Feature Partitioning for Robust Tree Ensembles and their Certification in Adversarial Scenarios
This addresses the problem of adversarial robustness in machine learning for security-critical applications, offering a novel approach to enhance model resilience.
The paper tackles the vulnerability of machine learning models to evasion attacks by proposing a model-agnostic strategy that builds robust ensembles through feature partitioning, guaranteeing that most models remain unaffected by attackers. Experimental results on public datasets show it outperforms state-of-the-art adversarial learning algorithms against evasion attacks.

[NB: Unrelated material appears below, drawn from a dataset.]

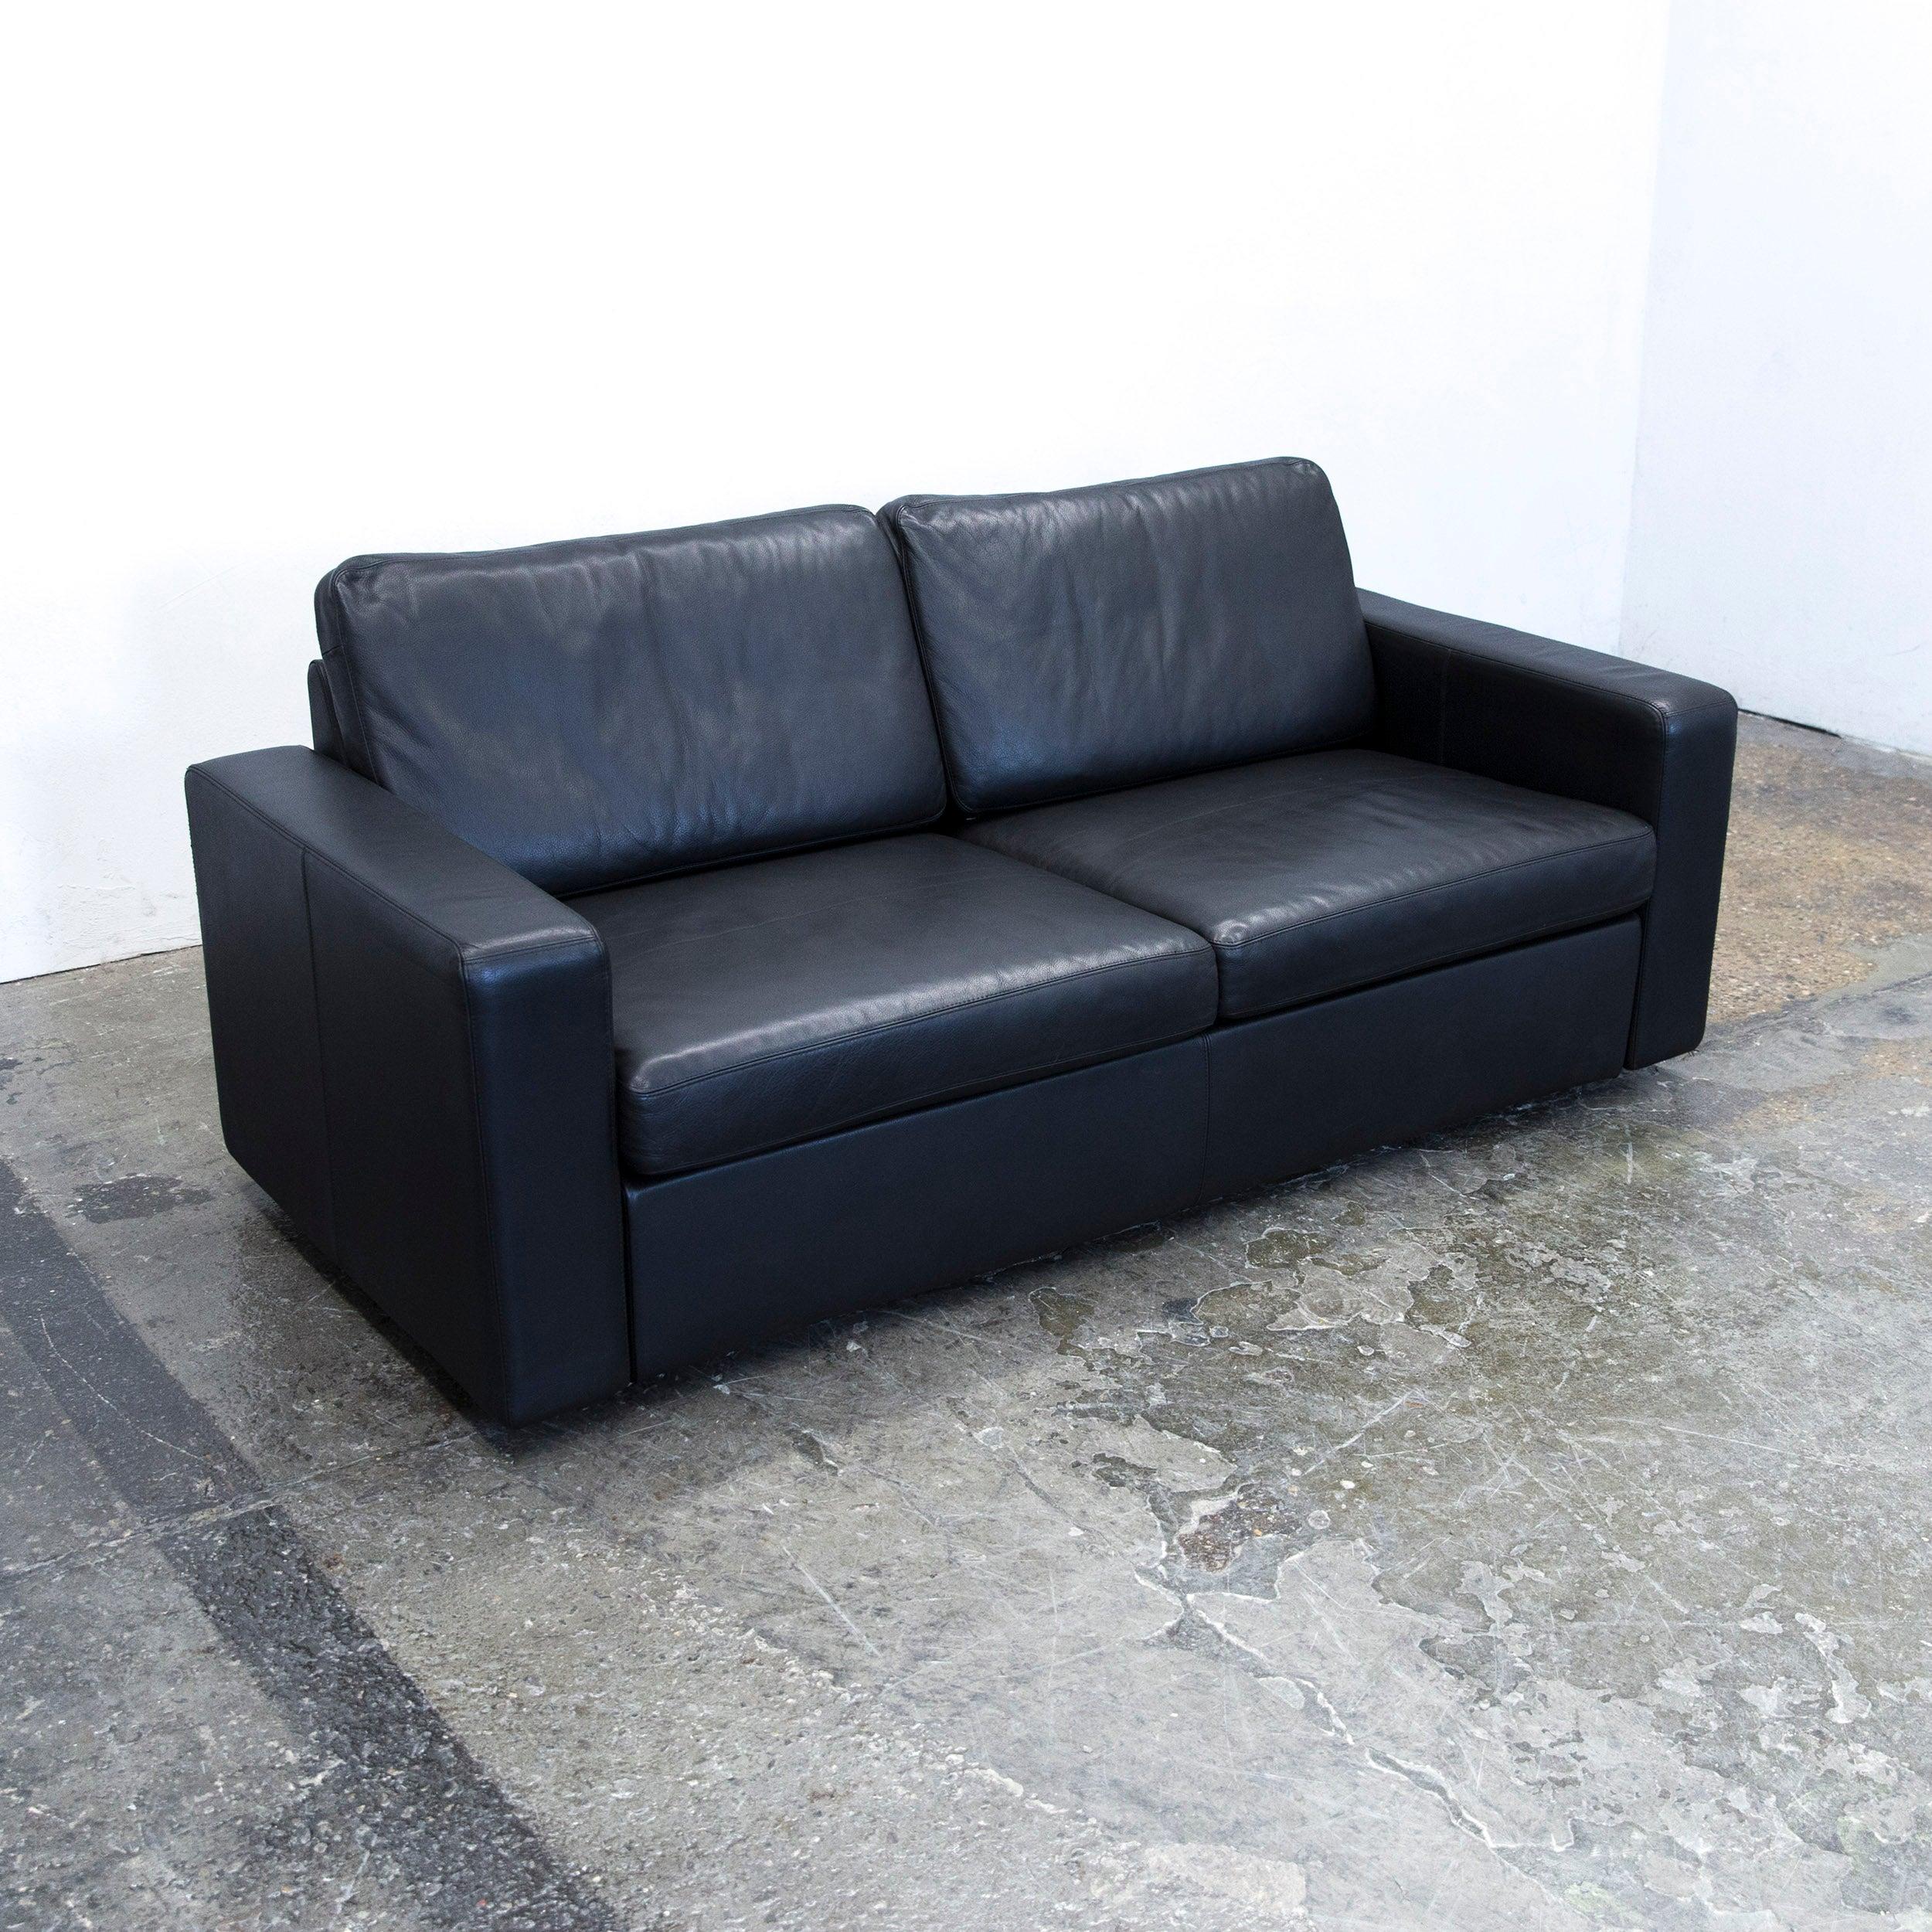 Cor Conseta Designer Sofa Leather Black Sleepsofa Three Seat Couch

Machine learning algorithms, however effective, are known to be vulnerable in adversarial scenarios where a malicious user may inject manipulated instances. In this work we focus on evasion attacks, where a model is trained in a safe environment and exposed to attacks at test time. The attacker aims at finding a minimal perturbation of a test instance that changes the model outcome. We propose a model-agnostic strategy that builds a robust ensemble by training its basic models on feature-based partitions of the given dataset. Our algorithm guarantees that the majority of the models in the ensemble cannot be affected by the attacker. We experimented the proposed strategy on decision tree ensembles, and we also propose an approximate certification method for tree ensembles that efficiently assess the minimal accuracy of a forest on a given dataset avoiding the costly computation of evasion attacks. Experimental evaluation on publicly available datasets shows that proposed strategy outperforms state-of-the-art adversarial learning algorithms against evasion attacks.